You don't think commercial wineries use oak powders/tannins?

Well they do. Lots of it, up front in the primary before it goes into the barrel. It adds a whole other dimension to the wine and your missing it by not using it.


----------



## tonyt (Sep 17, 2012)

Always use the oak powder. It has to do with color and mouthfeel. Doesnt really add much if any oak taste. Chips cubes and spirals do that. I add extra powder to any kit that doesnt come with it.


----------



## Geronimo (Sep 18, 2012)

Just to be clear; I use the powder, I just don't like the waste it generates. If there was a good way to tea bag the powder I'd be much happier with it. I've used the finer chips instead of the powder (and used 10-20% more to compensate) which seemed to serve the same purpose (I haven't conducted a scientific experiment to analyze it).
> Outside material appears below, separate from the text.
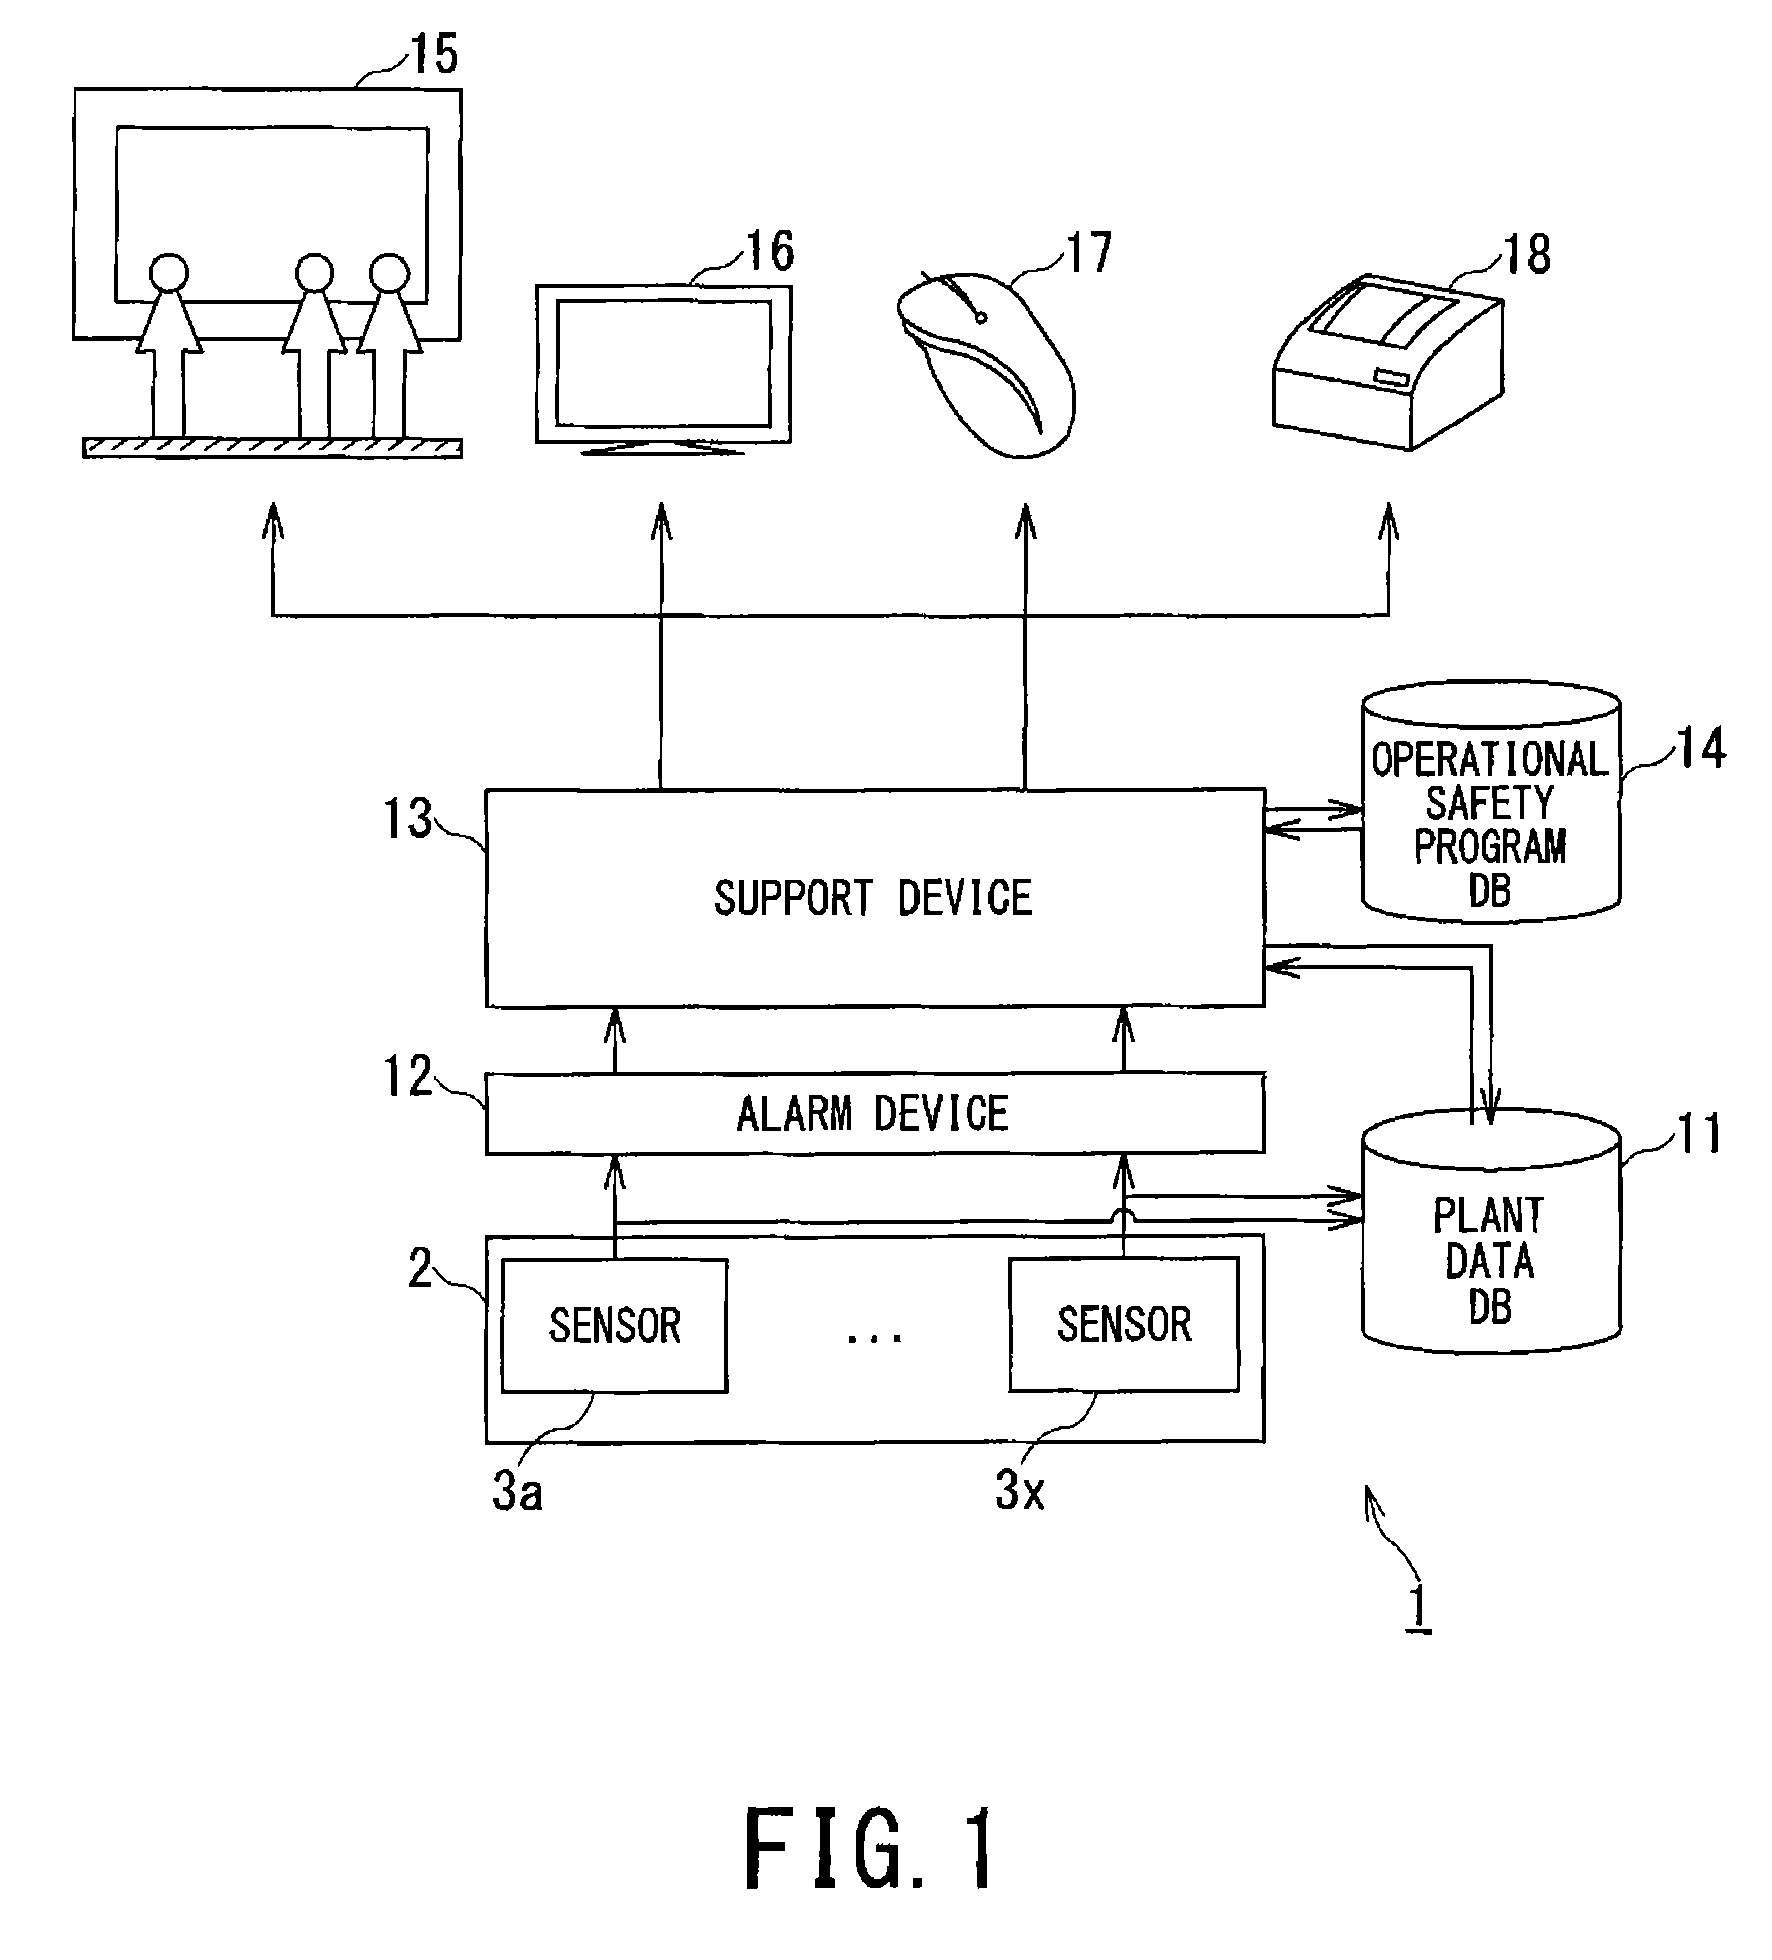 Operation management support apparatus for power plant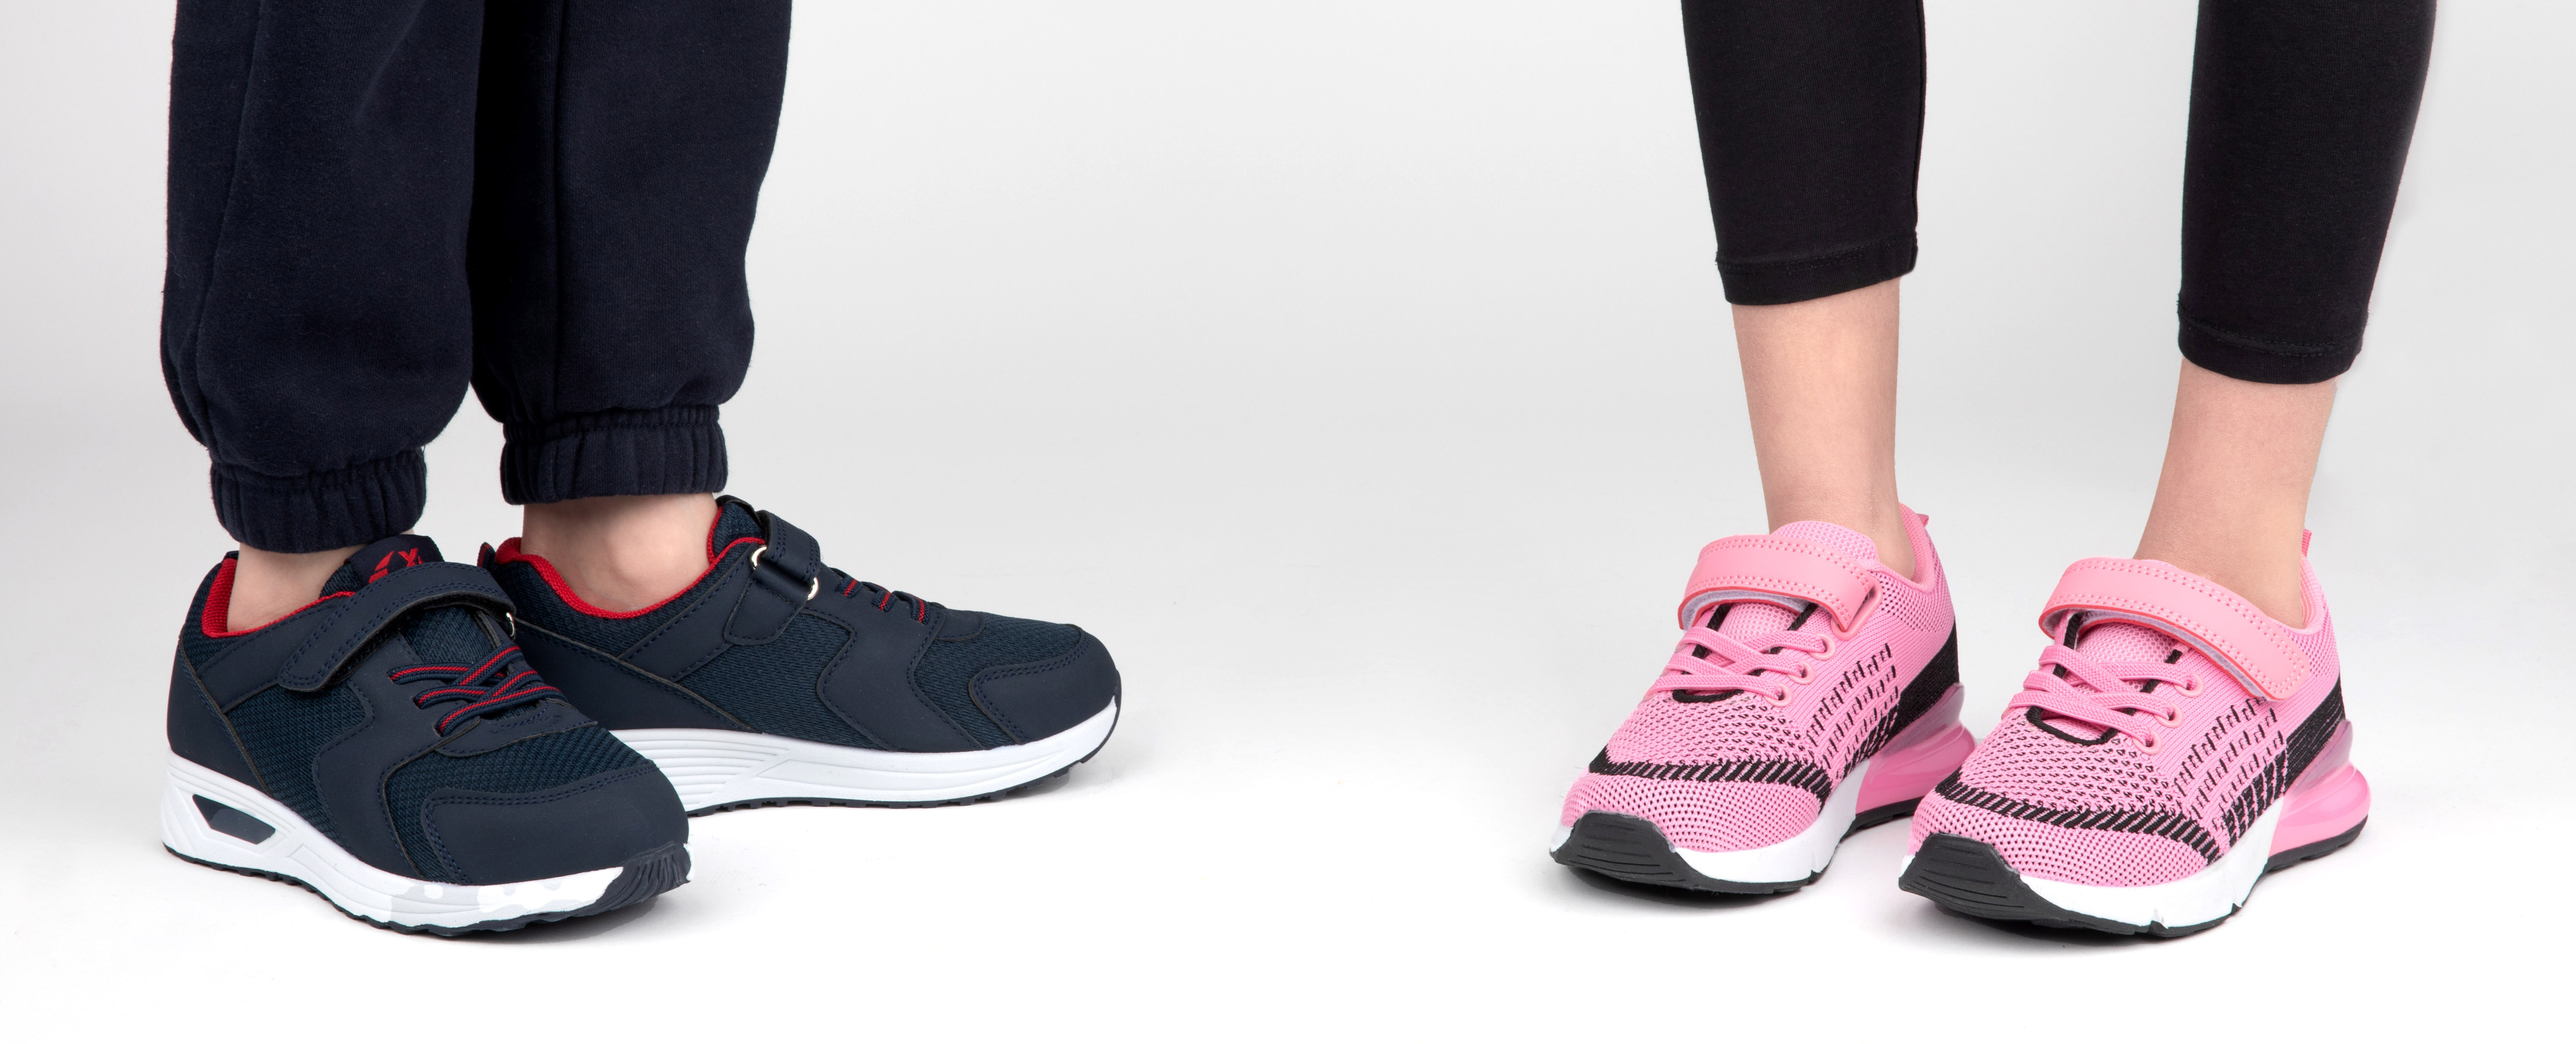 Girls Shoe Fitting Guide: How To Fit

When using the chips, I use a nylon stocking to contain them, and remove it before racking. This solves all the problems that can be associated with the powder. I'm not sure if it has a negative impact on the final product.


----------



## BeerAlchemist (Sep 18, 2012)

Geronimo said:


> Just to be clear; I use the powder, I just don't like the waste it generates. If there was a good way to tea bag the powder I'd be much happier with it. I've used the finer chips instead of the powder (and used 10-20% more to compensate) which seemed to serve the same purpose (I haven't conducted a scientific experiment to analyze it). When using the chips, I use a nylon stocking to contain them, and remove it before racking. This solves all the problems that can be associated with the powder. I'm not sure if it has a negative impact on the final product.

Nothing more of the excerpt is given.